Ему дали выйти из дома, а на улице догнали и чем-то оглушили. Очнувшись от боли, он понял, что его метелят эти лакеи очередной лжевеличественной и лженациональной идеи. Метелят безжалостно, распаляясь все больше и больше. Ночь была темна, а закоулок какой-то глухой. Гелий уж с жизнью вполне спокойно распрощался, когда увидел трех человек, бежавших к месту побоища. Впереди них мчалась стайка бесов, похожая на голубовато-зеленое облачко плазмы из американского научно-фантастического фильма. Пришельцы-спасители с непонятным наслаждением набросились на обидчиков и принялись профессионально их колошматить. Потом Гелий узнал, что в этом районе группа жителей взяла на себя функции самосудной охраны граждан от хулиганья и грабителей…

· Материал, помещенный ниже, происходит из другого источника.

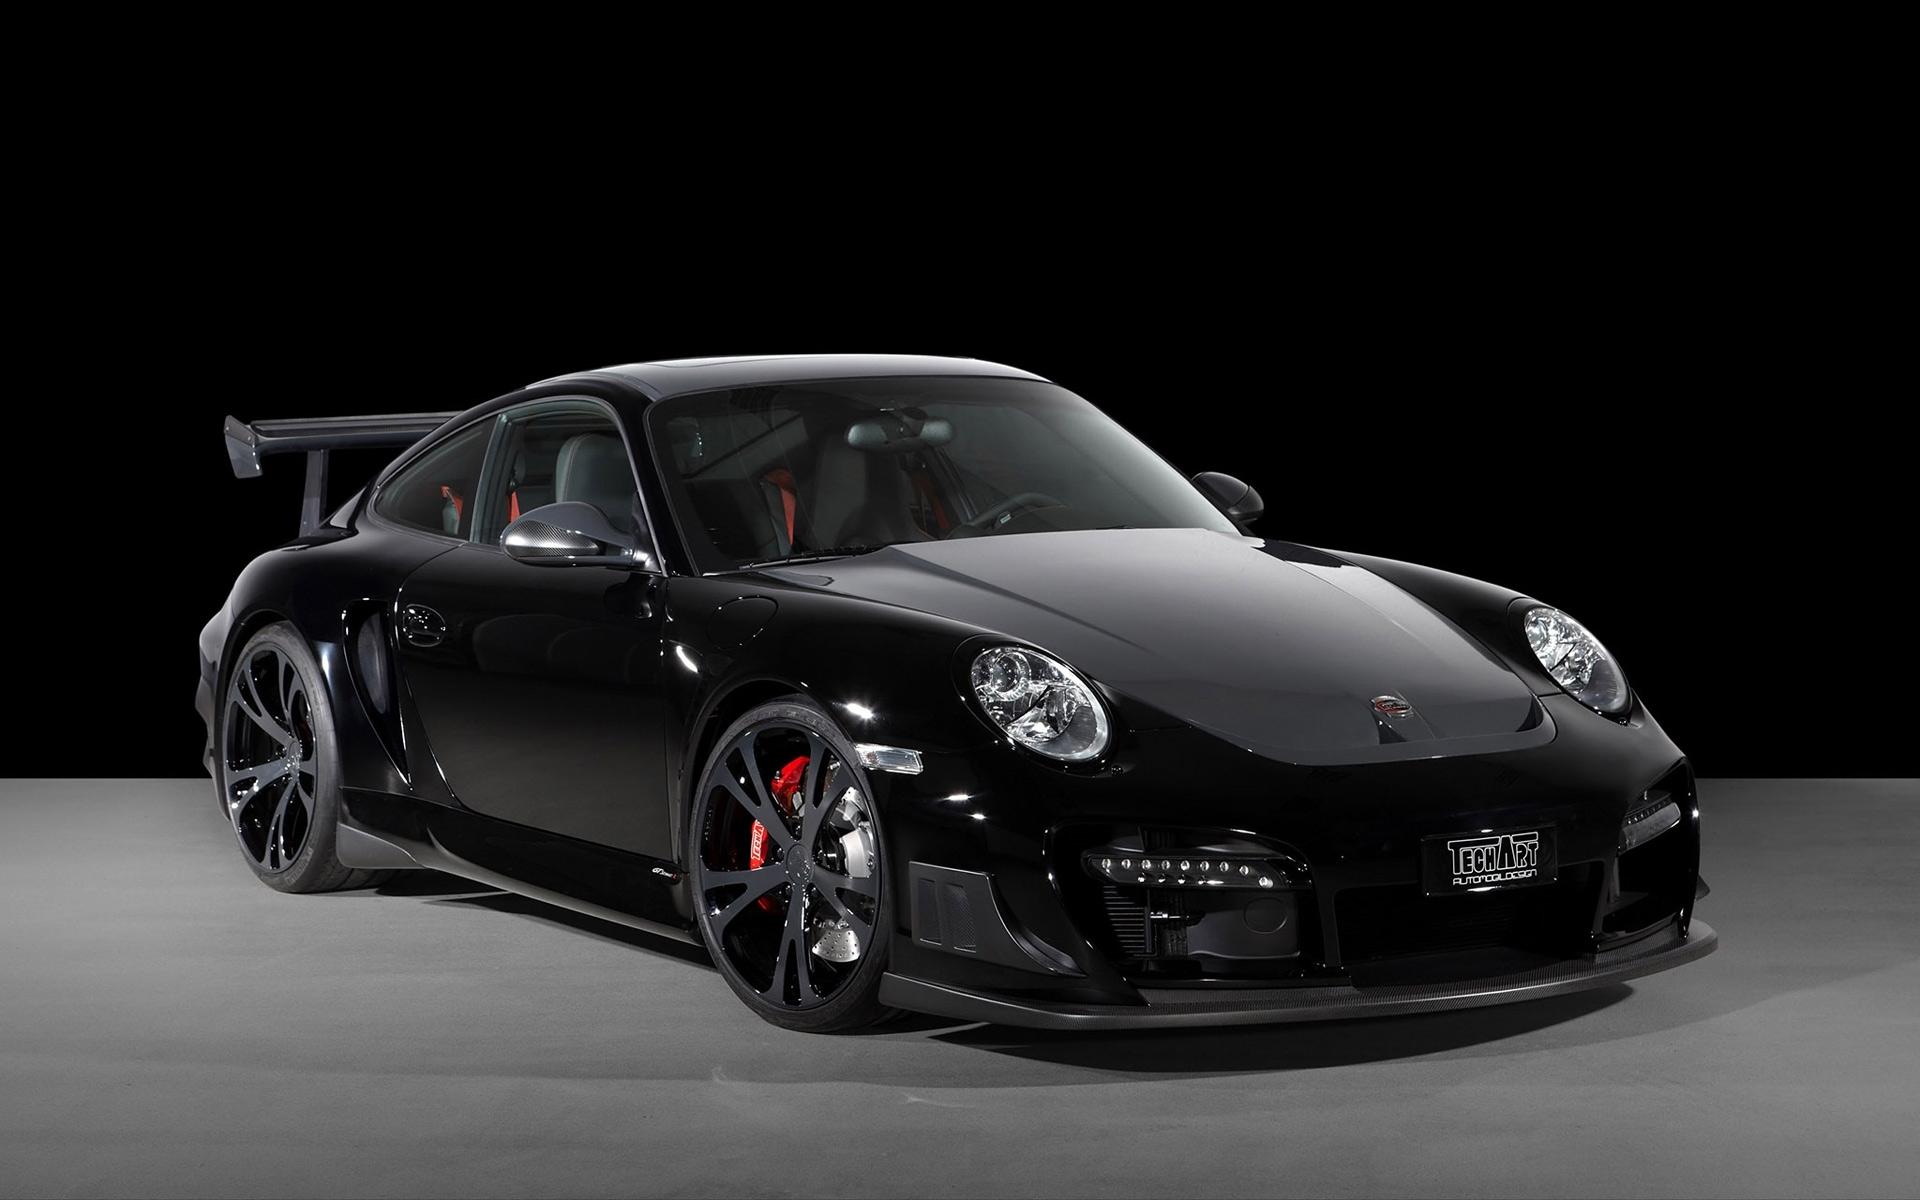 44324 скачать обои Транспорт, Машины, Порш (Porsche) - заставки и картинки бесплатно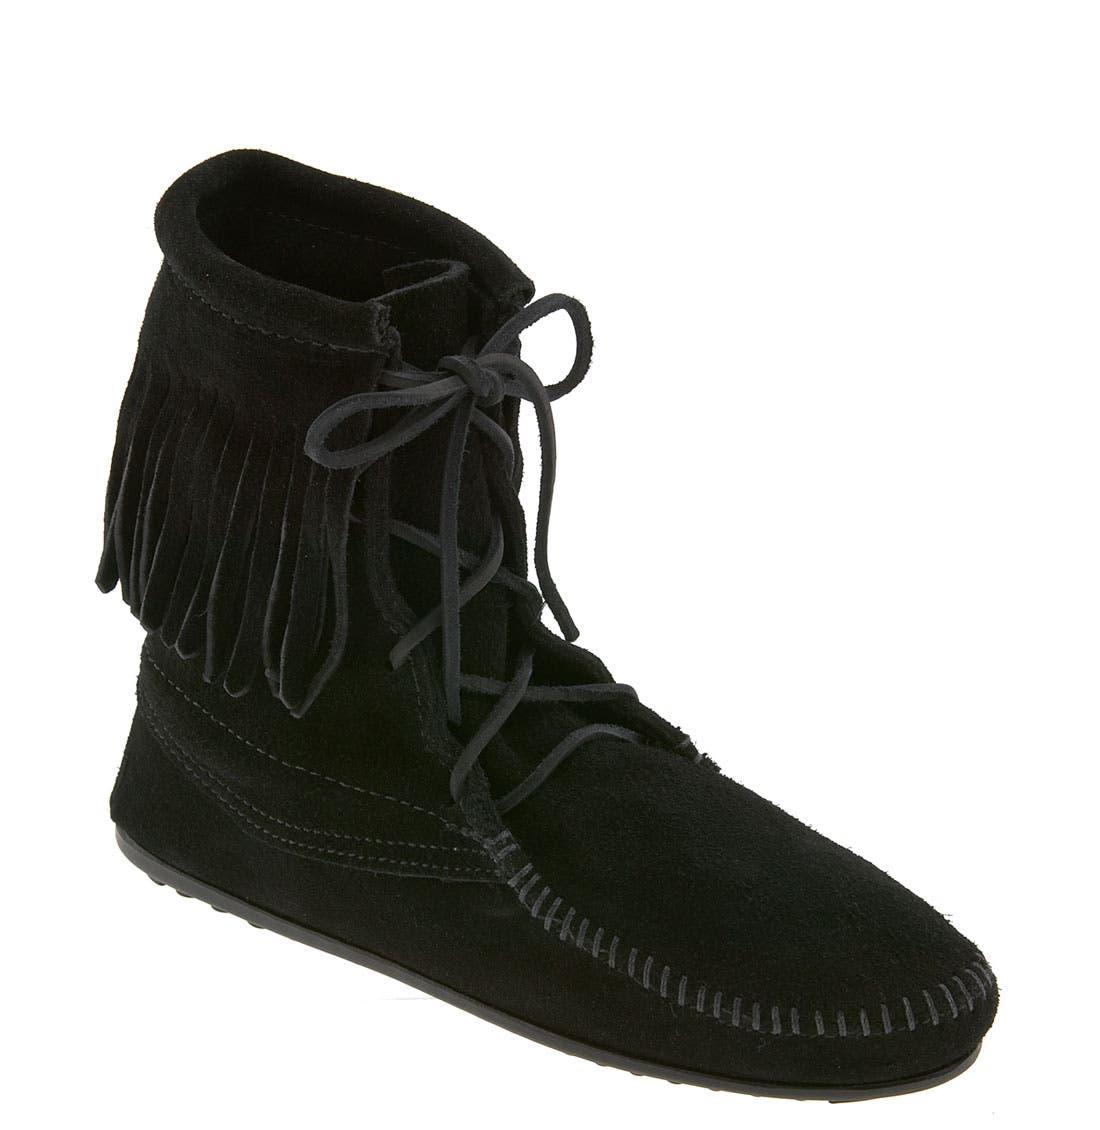 'Tramper' Boot,                             Main thumbnail 1, color,                             001

Необыкновенных случаев, в которых оказывались героями либо одиночные мусорные типчики, либо вся бесообразная масса, не перечесть.

Гелий вроде бы и за внешностью своей не следил, сочинять ничего не хотел, ездить с выгодными лекциями ленился, на карьеру плевал, не рвался так уж за бугор, нигде не интриговал, стучать отказался с таким видом, как будто был завербован лично Андроповым и ожидал в глубокой конспирации своего звездного часа, с тем же самым видом сторонился партии – и все ж таки все у него было на мази.

Счет на сберкнижке рос себе и рос, дамы липли к нему сами, истомленно завороженные его неподдельным равнодушием, начальство полагало, что карьерой Гелия Револьверовича ведают высшие чины государства и что служебное его равновесие – всего лишь временный камуфляж иной, значительной позиции.

Он не нуждался в валюте, удачно совершив несколько сделок во время служебных поездок. Благодаря своим связям, налаженным исключительно «всей этой зелененькой гнусеологией», никогда не проходил таможенного досмотра, а пробавлялся коньячком в буфете для важных улетающих персон.